Экономическая модернизация ближневосточной периферии также сопровождалась ускорением темпов подушевого экономического роста. В Турции этот показатель в 1890–1929 гг. достигал примерно 0,9–1,0 % в год. В Египте в 1885–1911 гг. он составлял около 0,8–1,0 % в год (однако в 1911–1928 гг. понизился до 0,4–0,5 %). В Алжире среднегодовые темпы прироста подушевого ВВП возросли с 0,2–0,3 % в 1880–1910 гг. до 1,1–1,2 % в 1910–1930 гг. Примерно такая же картина наблюдалась в Тунисе и Марокко.
Обобщая данные по 14 странам, охваченным расчетами (в начале ХХ в. этих странах проживали 4/5 населения будущего третьего мира), следует отметить, что средневзвешенный показатель подушевого экономического роста в этой группе государств в конце XIX – начале XX вв. составлял примерно 0,65–0,75 % в год.
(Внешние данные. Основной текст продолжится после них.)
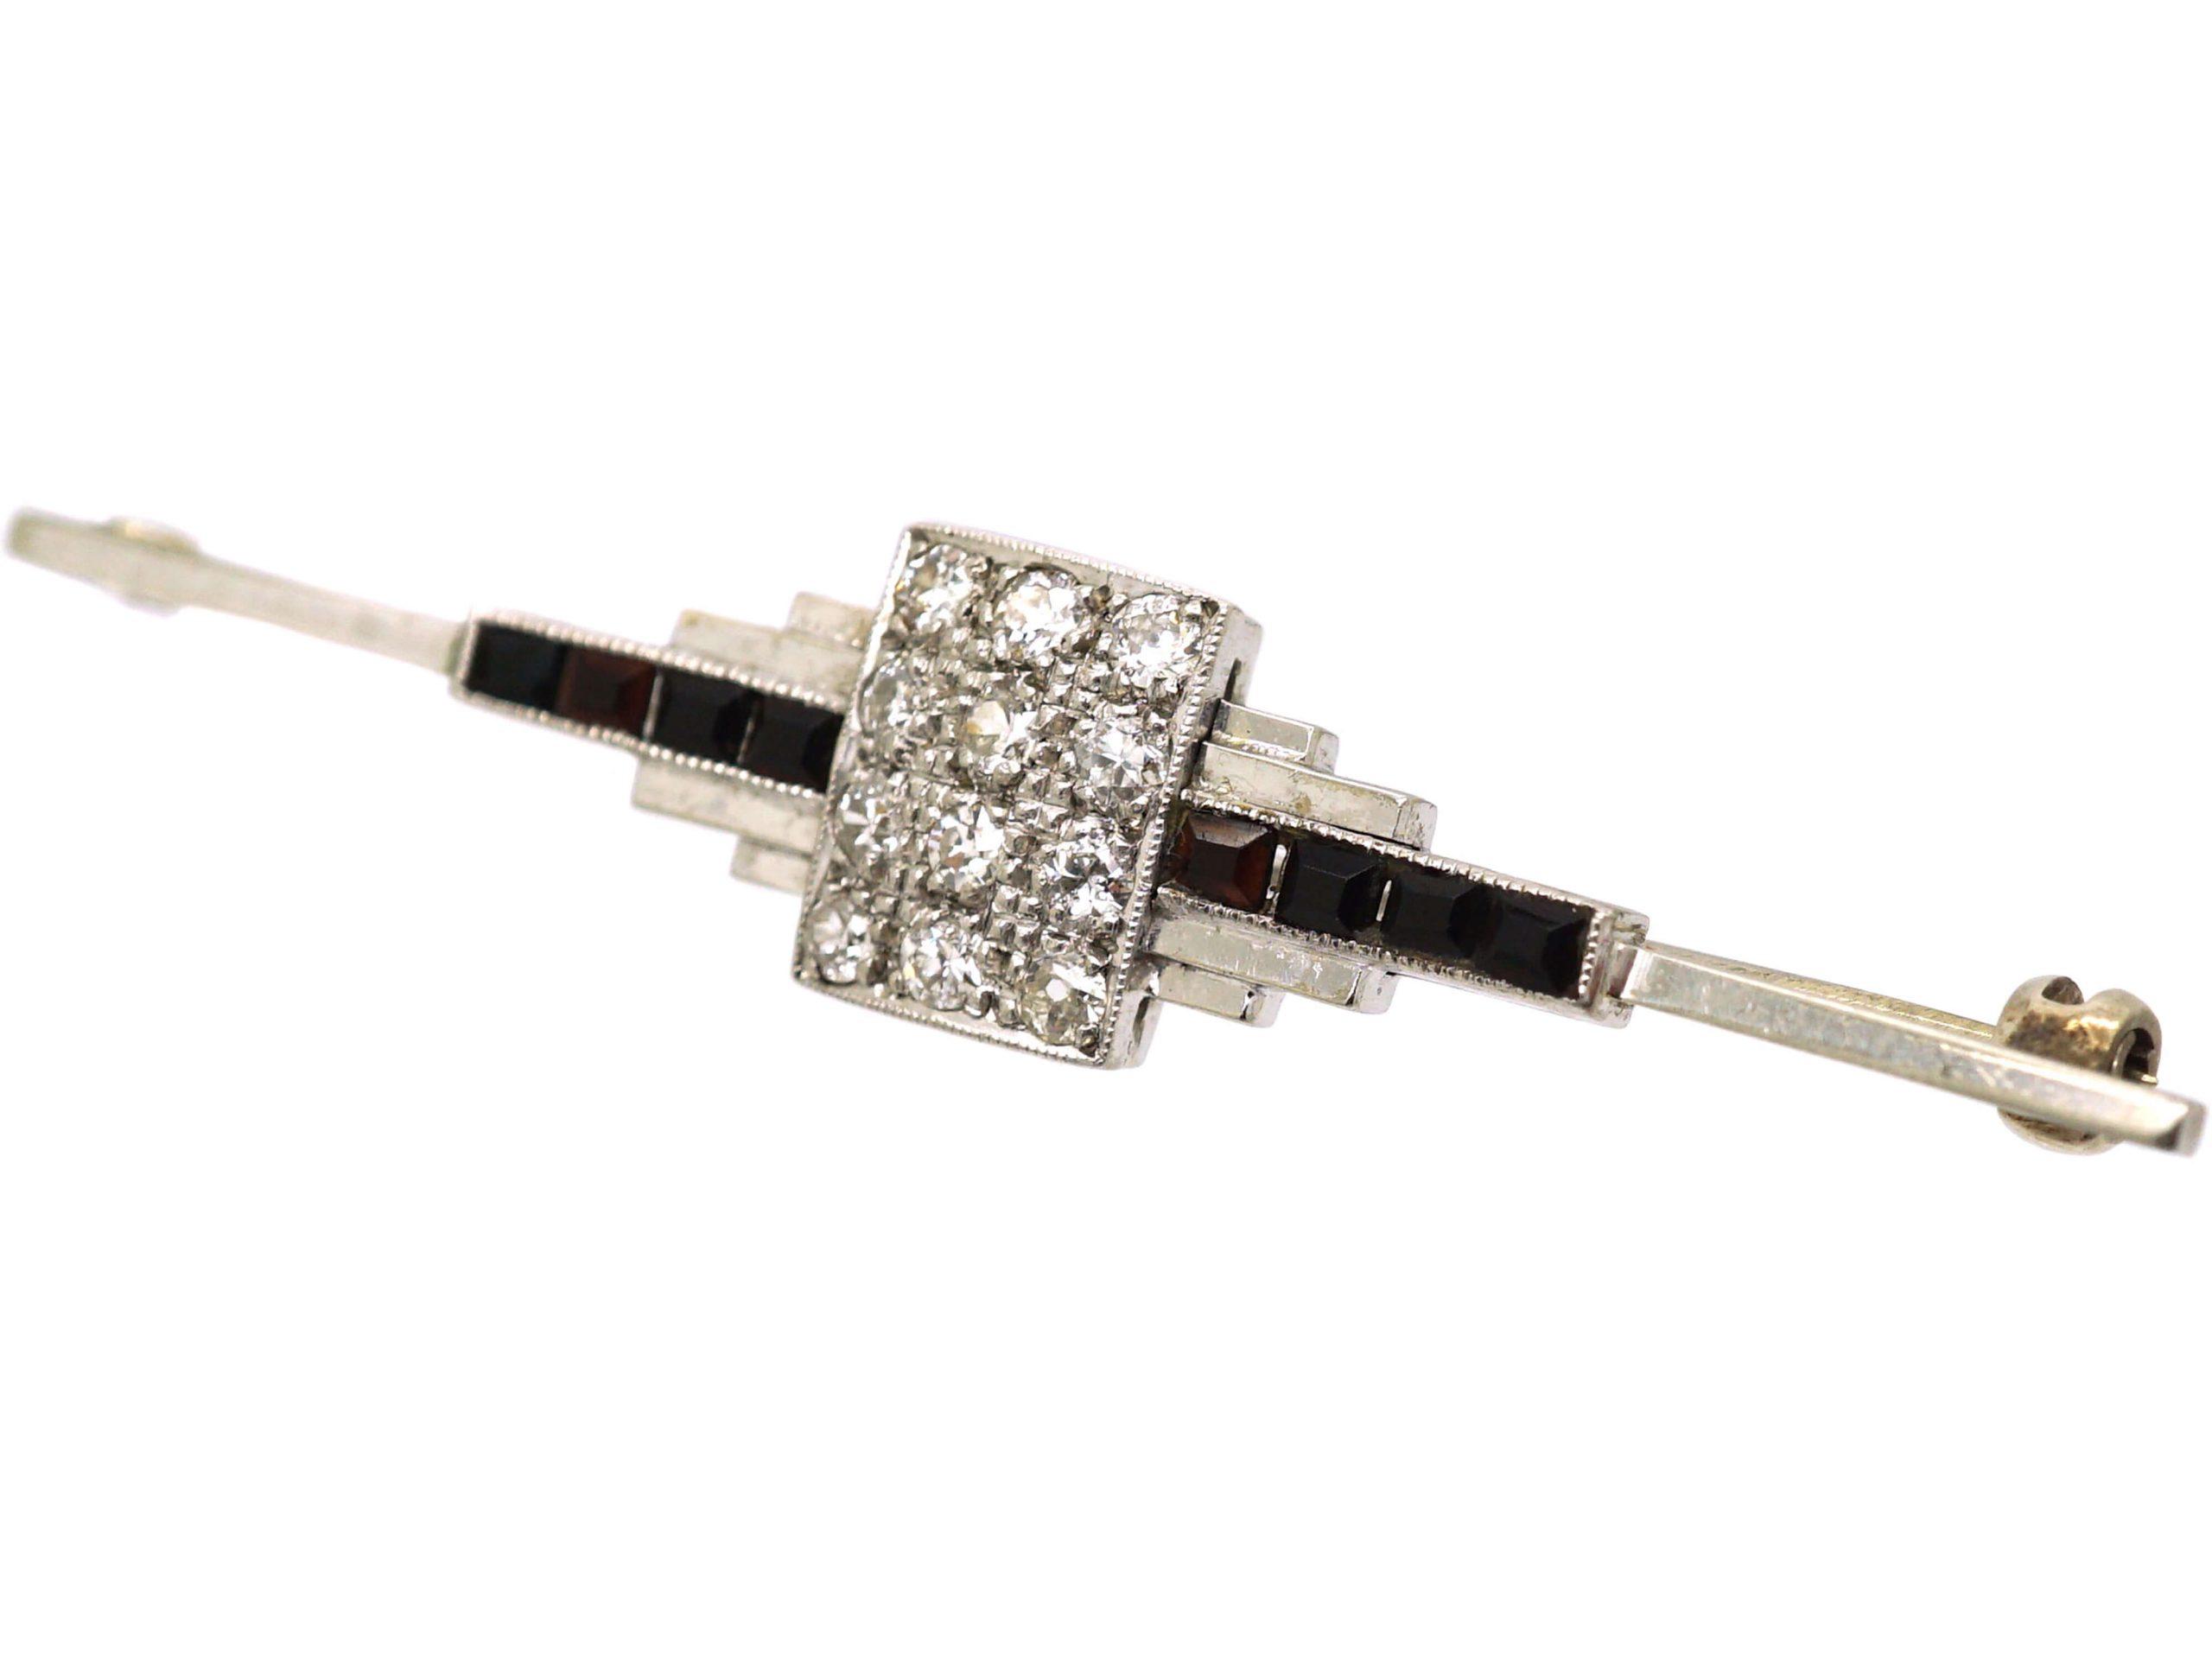 Art Deco 18ct White Gold & Platinum Geometric Brooch set with Diamonds & Onyx

Этот темп, поддерживаемый на протяжении почти полувека в ряде крупных и средних стран Азии и Африки, во-первых, превосходил известные нам ретроспективные показатели их экономического роста, а во-вторых, был, в целом, выше средних индикаторов по ныне развитым странам в последние десятилетия их предмодернизационного периода.
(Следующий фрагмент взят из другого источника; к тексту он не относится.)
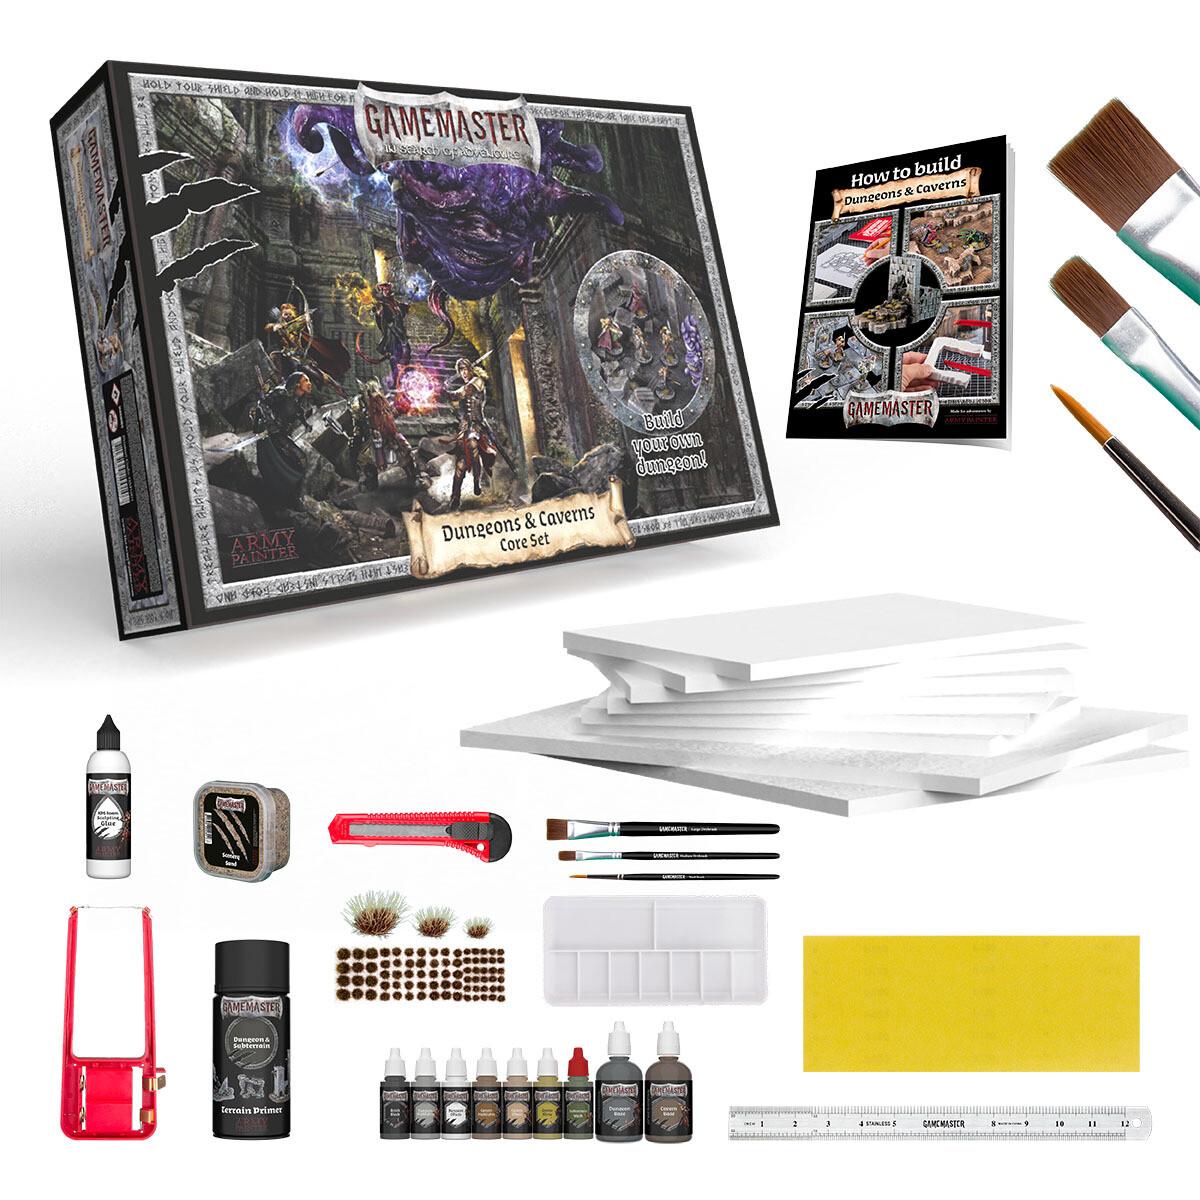 Gamemaster: Dungeons & Caverns Core Set - Army Painter

Оценивая тенденции, особенности и факторы экономической эволюции колоний и полуколоний в конце XIX – первой половине XX в., нельзя не учитывать различные негативные обстоятельства, острые коллизии и противоречия. Многие из периферийных стран выплачивали метрополиям немалую дань. Ее размеры в Индии (3,3 % ВНП в 1865–1913 гг.) хотя и уступали грабительским налоговым и иным изъятиям Моголов, тем не менее серьезно ограничивали инвестиционные возможности этой страны: реальный фонд накопления был меньше потенциального в 1865–1913 гг. примерно вдвое. Англичане, составлявшие всего 0,05 % населения Индии, присваивали 5 % ее национального дохода. На долю голландцев в конце XIX в. приходилось примерно 0,3–0,5 % населения Индонезии, однако они располагали по меньшей мере 7–8 % национального дохода этой страны в 1870-е гг. и 15–17 % в начале ХХ в., а чистый трансферт ресурсов в метрополию достигал соответственно 6–6,5 и 10–11 % национального дохода Индонезии.
В целом на грани XIX – ХХ столетий изъятия прибыли из колониальных и зависимых стран (без Китая) были эквивалентны 2,1–2,3 % их совокупного ВВП. В Китае этот показатель был несколько меньше (в 1900–1933 гг. примерно 1 % его национального дохода), хотя выплаты в счет погашения долга достигали в отдельные периоды, например, 1/3 расходной части бюджета.
Экономический рост колоний и полуколоний был в целом весьма нестабильным. При этом коэффициент флуктуации темпов ВВП варьировался в последней четверти XIX – первой трети ХХ в. в достаточно широком диапазоне: в Индонезии – 115–125 %, в Индии – 450–460 %. В среднем по группе крупных колониальных стран отмеченный показатель составил 260–280 %. Следовательно, он более чем в 1,5 раза был выше по сравнению с ныне развитыми странами на этапе их «промышленного рывка» и, возможно, соответствовал аналогичным индикаторам ряда западноевропейских государств на заключительной фазе их прединдустриального роста (XVII–XVIII вв.).
В конце XIX – начале ХХ вв. под воздействием внешней, а также внутренней конкуренции (со стороны крупных и средних предприятий, созданных к тому времени в ряде колоний и полуколоний) происходило не вполне компенсированное разрушение некоторых видов традиционных промыслов, обусловившее стагнацию и даже относительное сокращение занятости в индустриальных отраслях и сфере услуг. В результате доля населения, преимущественно связанного с сельским хозяйством, увеличилась в Индии – с 62–65 % в 70–80-е гг. XIX в. до 67–69 % в 1901 г. (и 72–74 % в 1911 г.), в Таиланде – 75–77 % в 1929 г. до 79–80 % в 1937 г., в Индонезии до 72–73 % к началу ХХ в. В Египте этот показатель, составлявший, по некоторым оценкам, в 1882 г. 61–63 %, повысился до 68–69 % в 1937 г.